The President-elect said he plans to create the largest public works project since the building of the federal highway system in the 1950s with programs, for example, focused on repairing roads and schools.

The five key parts to President-elect Obama’s stimulus proposal:

ENERGY: “[W]e will launch a massive effort to make public buildings more energy-efficient. Our government now pays the highest energy bill in the world. We need to change that. We need to upgrade our federal buildings by replacing old heating systems and installing efficient light bulbs. That won’t just save you, the American taxpayer, billions of dollars each year. It will put people back to work.”

ROADS AND BRIDGES: “[W]e will create millions of jobs by making the single largest new investment in our national infrastructure since the creation of the federal highway system in the 1950s. We’ll invest your precious tax dollars in new and smarter ways, and we’ll set a simple rule – use it or lose it. If a state doesn’t act quickly to invest in roads and bridges in their communities, they’ll lose the money.”

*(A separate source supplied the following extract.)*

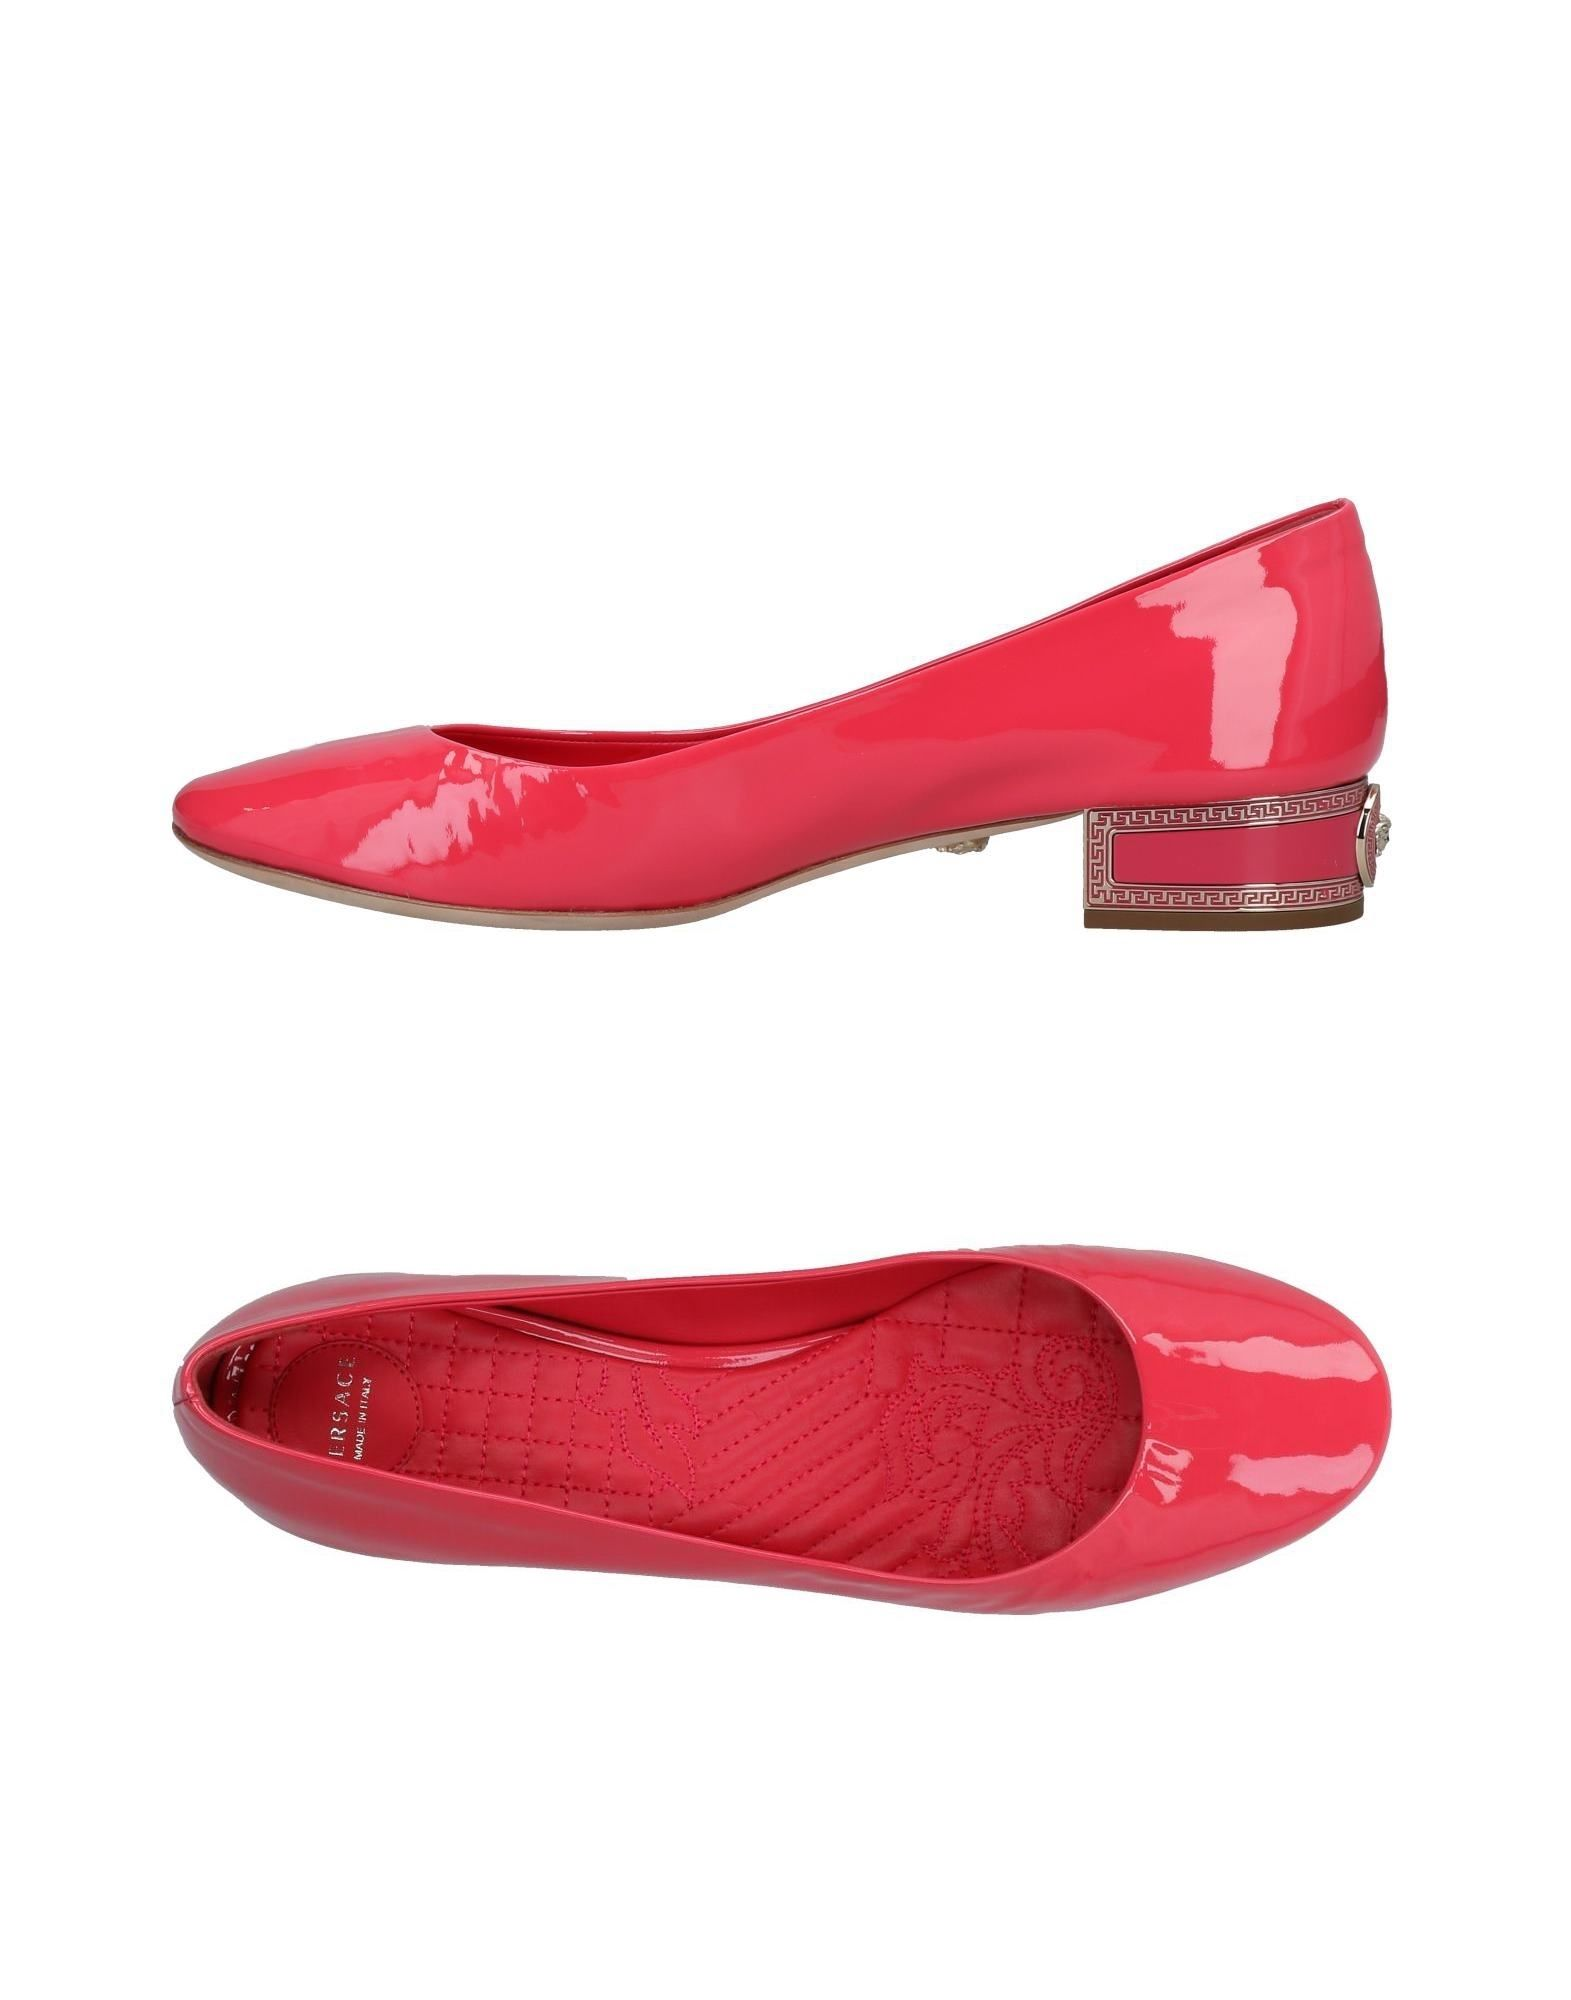 Scarpe economiche e resistenti Décolleté Versace Donna - 11488635CI

SCHOOLS: “[M]y economic recovery plan will launch the most sweeping effort to modernize and upgrade school buildings that this country has ever seen. We will repair broken schools, make them energy-efficient, and put new computers in our classrooms. Because to help our children compete in a 21st century economy, we need to send them to 21st century schools.”

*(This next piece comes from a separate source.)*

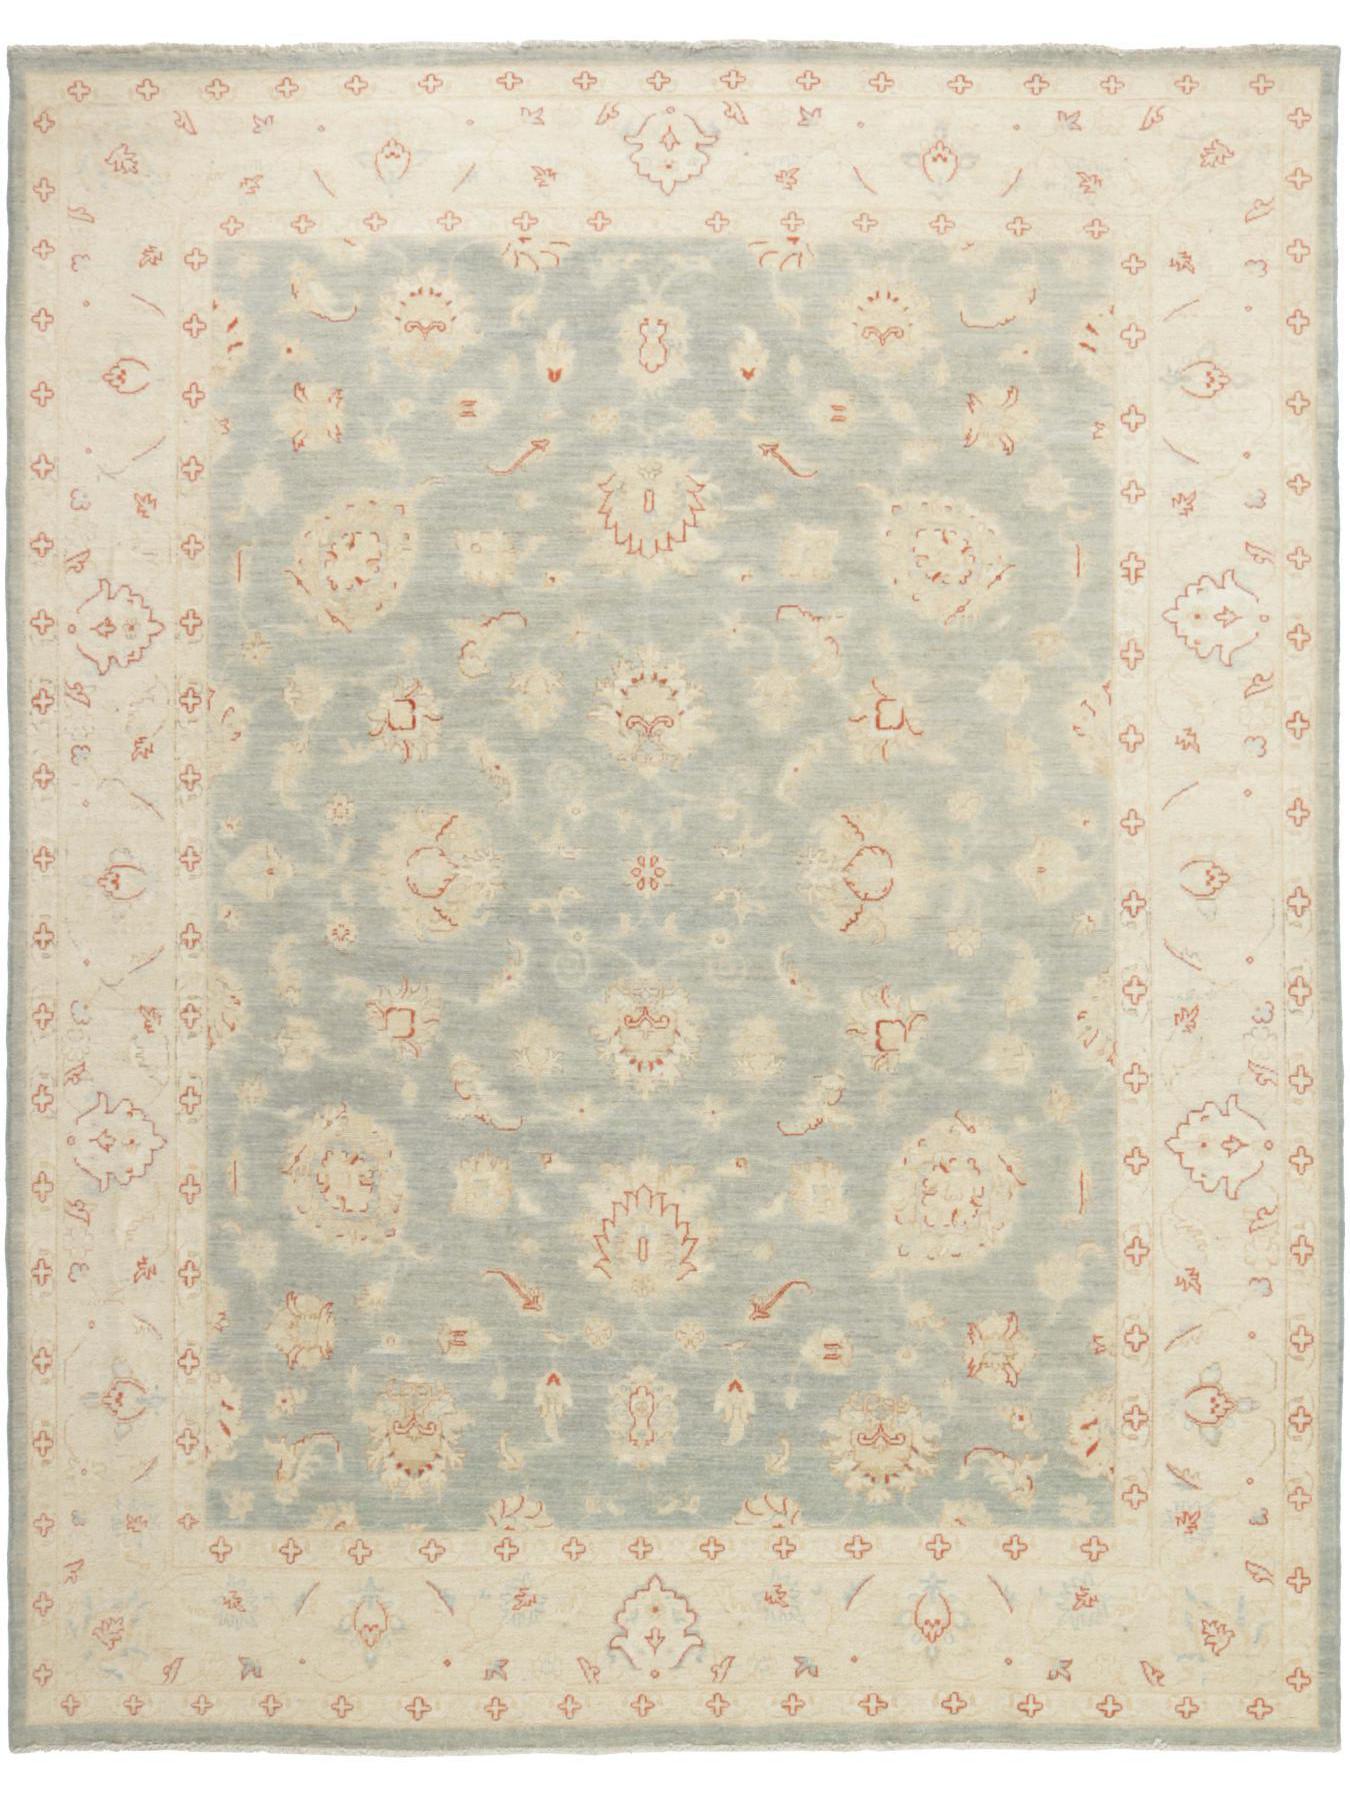 Ziegler carpets - Ghaznavi neo-classic

BROADBAND: “As we renew our schools and highways, we’ll also renew our information superhighway. It is unacceptable that the United States ranks 15th in the world in broadband adoption. Here, in the country that invented the Internet, every child should have the chance to get online, and they’ll get that chance when I’m president – because that’s how we’ll strengthen America’s competitiveness in the world.”

ELECTRONIC MEDICAL RECORDS: “In addition to connecting our libraries and schools to the Internet, we must also ensure that our hospitals are connected to each other through the Internet. That is why the economic recovery plan I’m proposing will help modernize our health care system – and that won’t just save jobs, it will save lives. We will make sure that every doctor’s office and hospital in this country is using cutting edge technology and electronic medical records so that we can cut red tape, prevent medical mistakes, and help save billions of dollars each year.”

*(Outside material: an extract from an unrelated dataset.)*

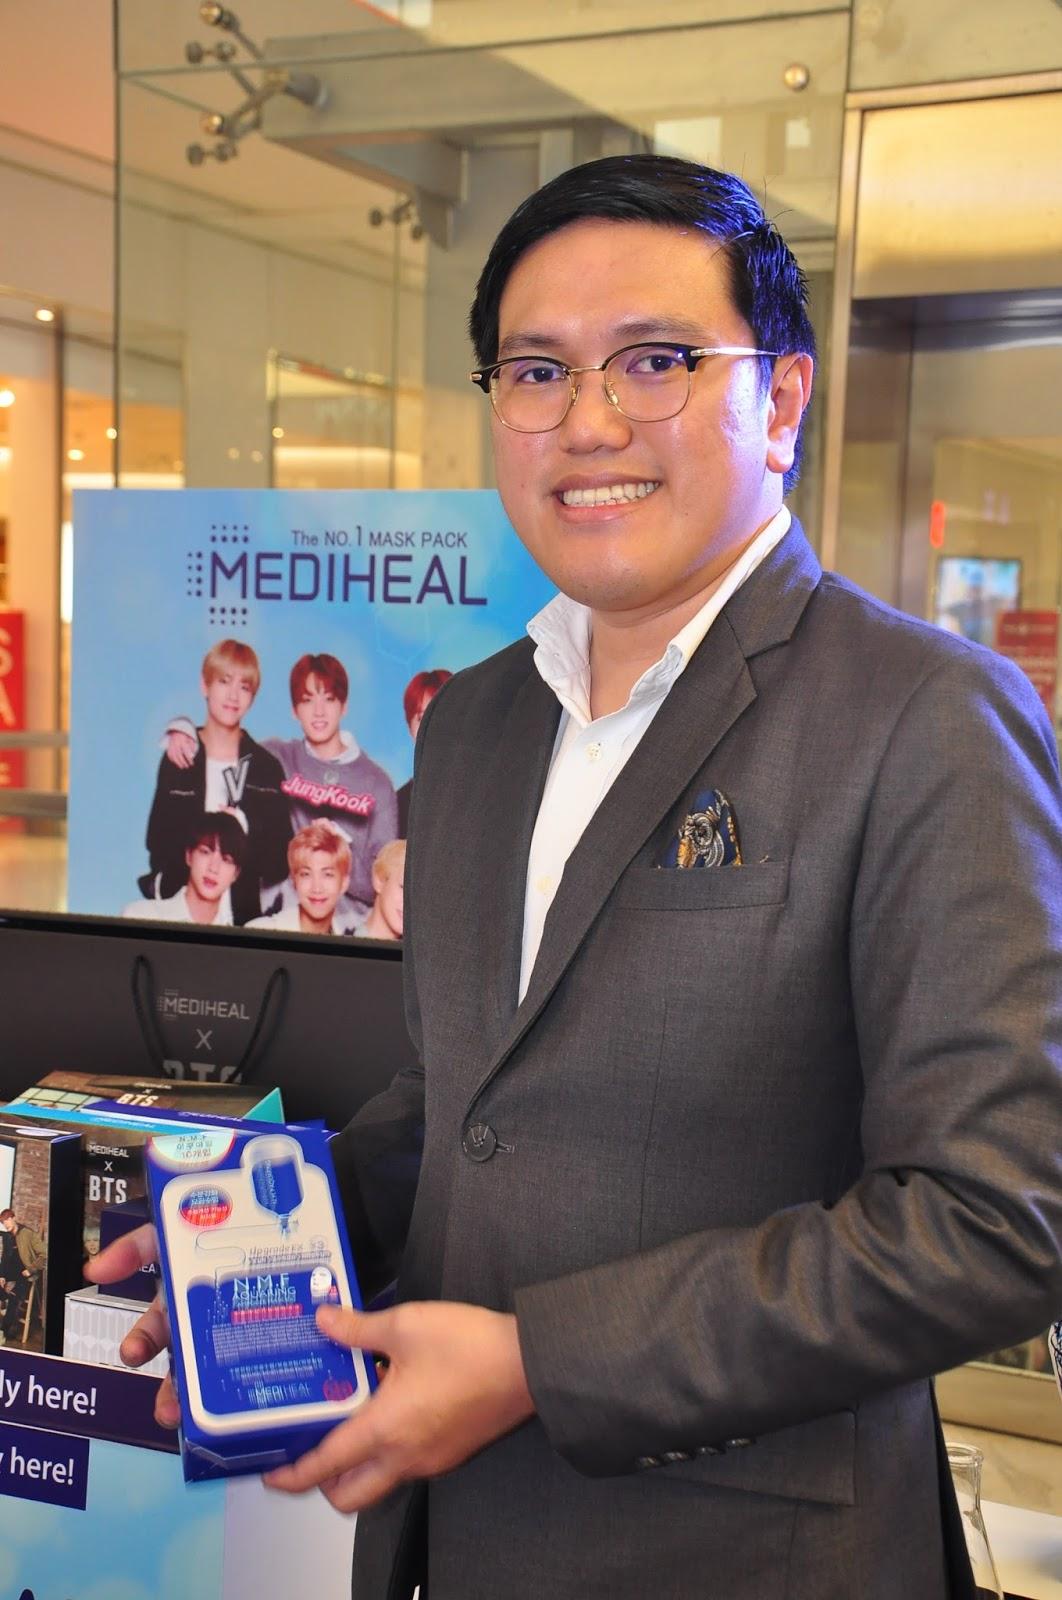 The Global No1 Mediheal Mask Packs That Dominated Koreas Drugstore K Pop Power Bank Exo Bts Bangtan Boys 5000mha Jared De Guzman Watsons Group Category Manager

An argument for similar government spending – directed mainly at green alternatives – has been made by the Political Economy Research Institute at the University of Massachusetts and the Center for American Progress, a Washington research organization founded by John D. Podesta, who is a co-chairman of Mr. Obama’s transition team.

But as Nicole Gelinas, a Chartered Financial Analyst, notes in the Wall Street Journal, “It’s important that the elected officials view public works investment not as a short-term stimulus for stimulus’ stake, or a vehicle for politically driven job creation. The goal should be to create the best and broadest necessary and permanent infrastructure for the most responsible minimal price needed to build it. Being careful here is necessary because this is borrowed, finite money; it could become prohibitively expensive for the feds to borrow as debt levels skyrocket. Spending is not investing.”

Following calls from U.S. mayors and governors across the country to invest in infrastructure projects, the American Association of State Highway and Transportation Officials said there are more than 5,000 highway projects ready to go if Congress will devote $64.3 billion in funding.

The group said 1.8 million Americans could be put back to work as a result of the public investment.

Current President George W. Bush and other Republicans have resisted such a large investment in infrastructure in part due to the ever-increasing federal budget deficit, which could easily hit $1 trillion this year. Borrowing hundreds of billions of dollars today to try to fix the economy, they argue, will leave a huge bill for the next generation. The President-elect and democratic leaders in Congress have yet to address this concern.